My formal college art training had more to do with three-dimensional art such as textiles, weaving, and sculpture. Most of my early inspiration came from pouring over magazines such as Communication Art's Illustration Annuals and Print's Design Annuals. Therefore I drew inspiration from a wide variety of illustration and have a very diverse portfolio. Art directors will often want an illustrator to have a very specific style so that they know what they are getting. I have to ask the art director which piece they saw that they liked so I know which style to give them! I find in general I am drawn to illustration that has a very classical look or feel. I love some of that early illustration styles such as and NC Wyeth and Norman Rockwell. But I'm also drawn to watercolor when it comes to children's books. One of my favorites is Lizbeth Zwerger, an amazing Austrian illustrator whose sensitive but colorful style is slightly edgy. And then there are pen and ink artists who I know personally whose talent and wit is just out-of-control. These include Kevin Rechin, Nick Galifianakis, and a friend who has recently and tragically passed, Richard Thompson.
What are your favorite oil and watercolor paints, and do you ever experiment with other mediums? When do you chose to render illustrations in oil paint as opposed to watercolor?
I am an experimenter by nature but trust Winsor & Newton watercolors because of their intensity. I'm not so picky about oil paint because I think every tube of paint is unique and you might find an alizarin that you like with one brand and a cerulean that you like from another for whatever reason. I'm a bit spoiled having been married to Rob for so long I often just borrow paint from his studio since he is the expert when it comes to oil paints. With my sculpture, made from paper clay, I prefer acrylic. They are non-toxic, dry fast, water-soluble and you can build them up in layers very quickly and easily. I actually prefer the inexpensive craft acrylics because they come in so many colors and work just fine for my needs.

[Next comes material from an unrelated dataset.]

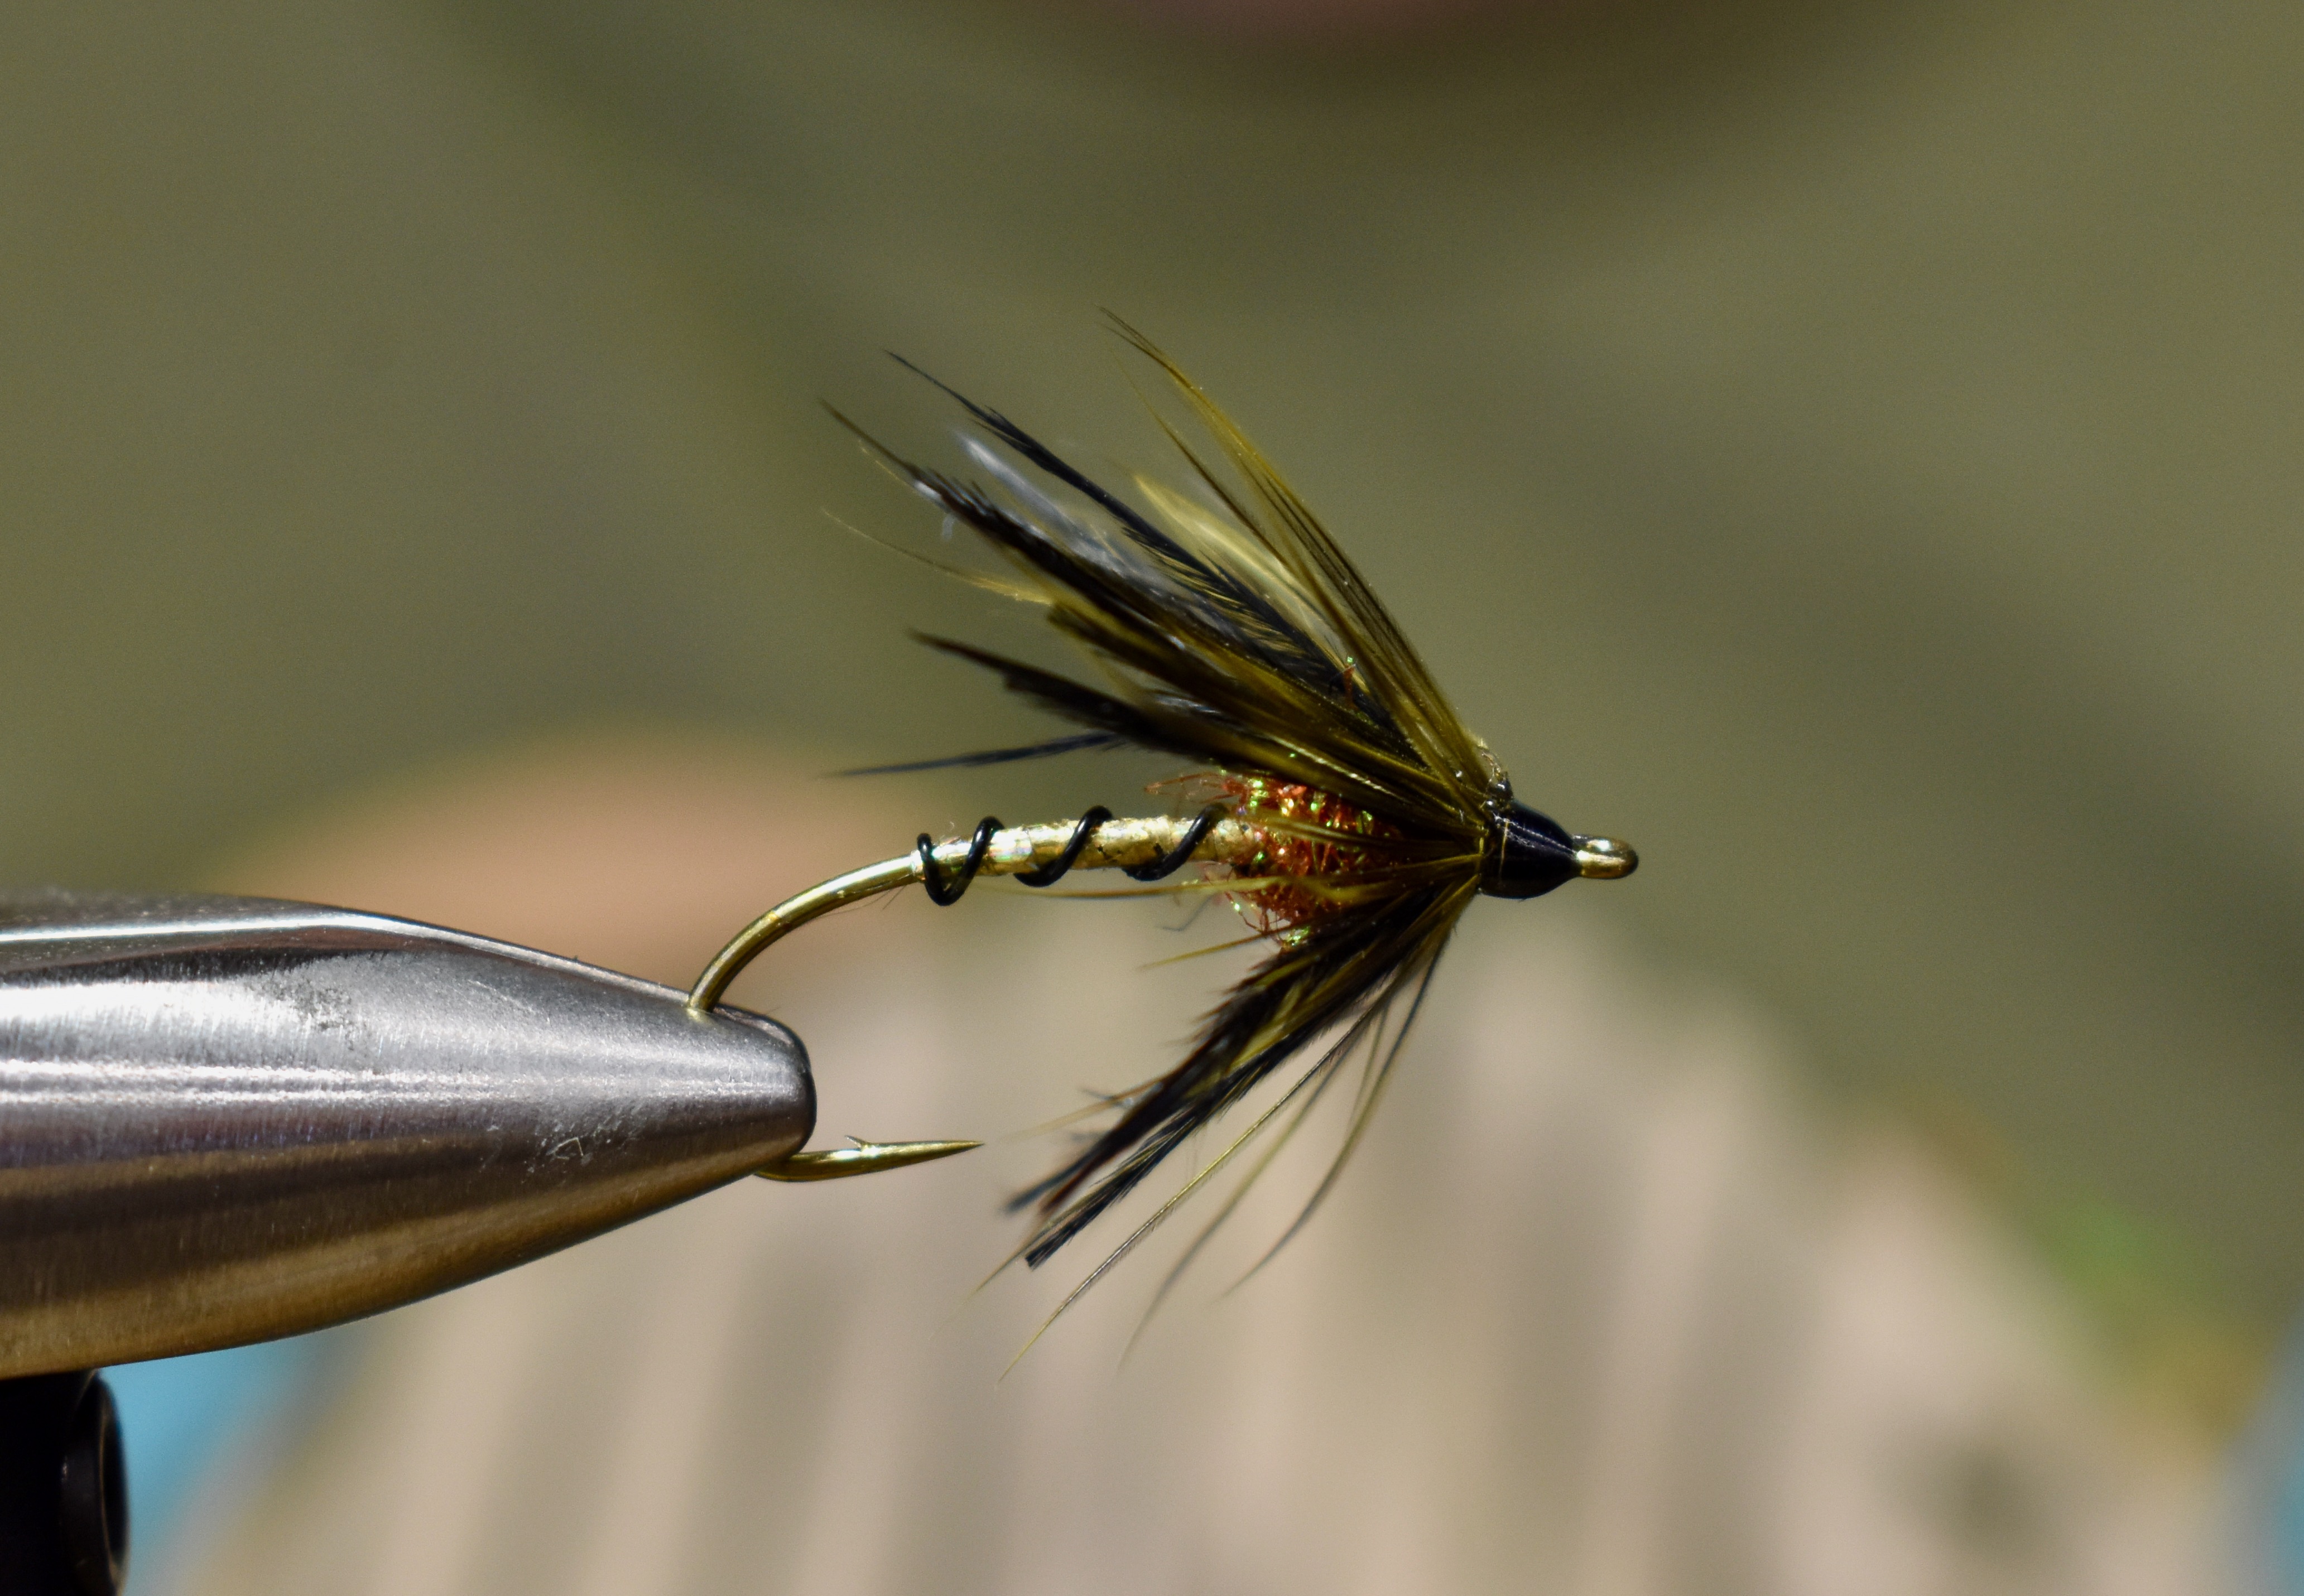 Jim Sens' Trout Spey Soft Hackle Fly  The Caddis Fly: Oregon Fly Fishing  Blog

You’re a member of The Illustrators Club of Washington, Maryland and Virginia. How has being involved in a group of likeminded artists helped you grow as an artist?

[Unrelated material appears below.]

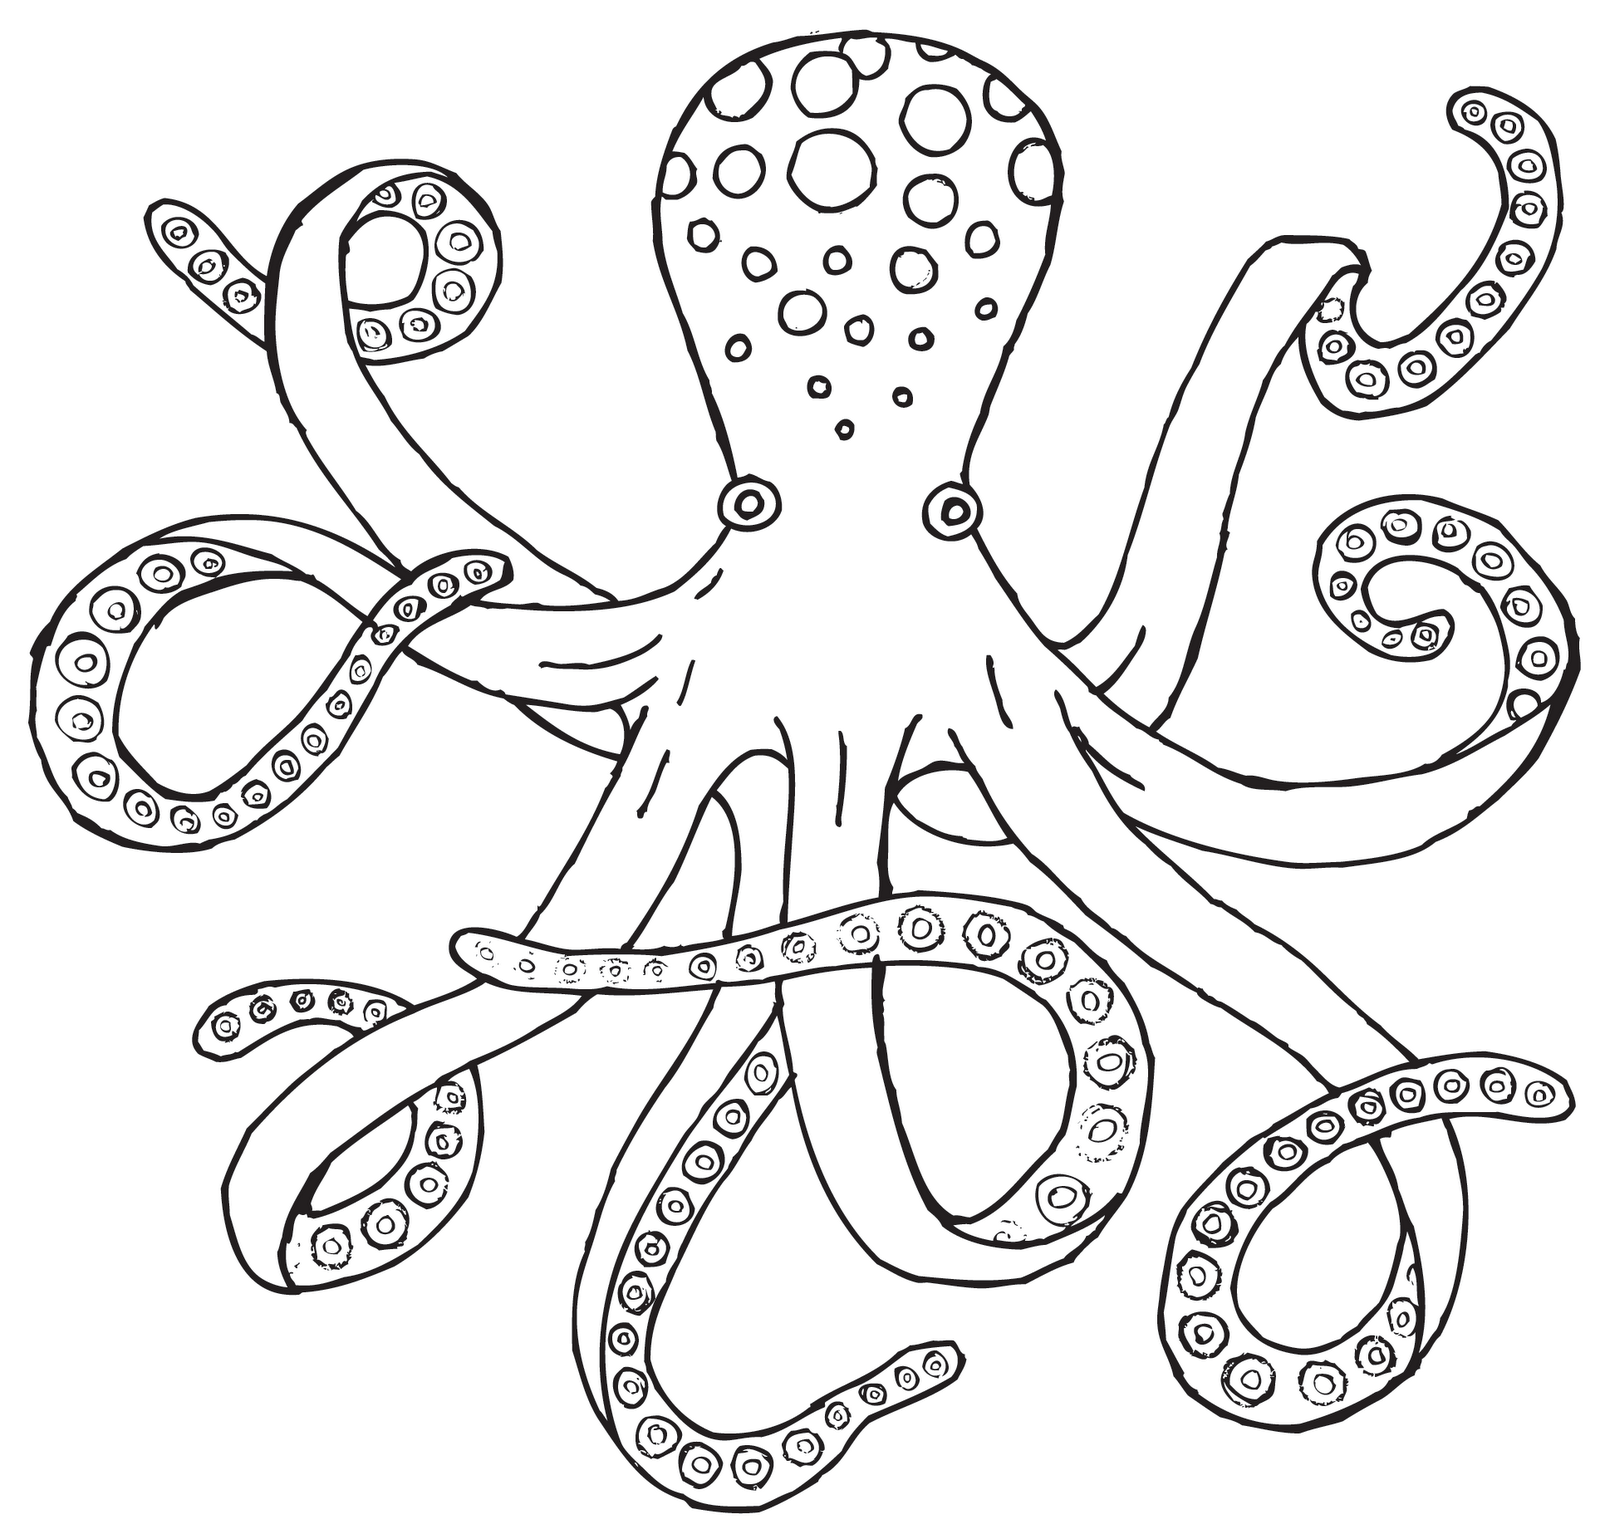 Octopus  black and white octopus drawing black and white clipart

I have not been very involved with them lately since I'm focusing more on fine art and sculpture, but I found that the Illustrators Club was invaluable for me to meet like-minded people who I could share information with and get help for anything from materials and methods to pricing a job. When working alone for sometimes 50 or 60 hours a week, it is wonderful to be a part of a community.
What was one of your favorite children’s books to illustrate, in terms of the content, the experience or both?
I had the most fun illustrating a little book called "Monster Under the Bed" written be Deborah Eaton. The character in the story happened to be a monster-child who turned out to have a puppy under his bed. Some of his features were described and I could make him look very scary but I knew he had to look cute and horrible at the same time, so it was fun inventing his image.
The turnaround was very quick so I did not have time to second-guess myself and the whole process clicked. Out of the hundred or so books which were published for that particular company, I was told it was the favorite book of the editor’s art directors, which was a wonderful thing to hear!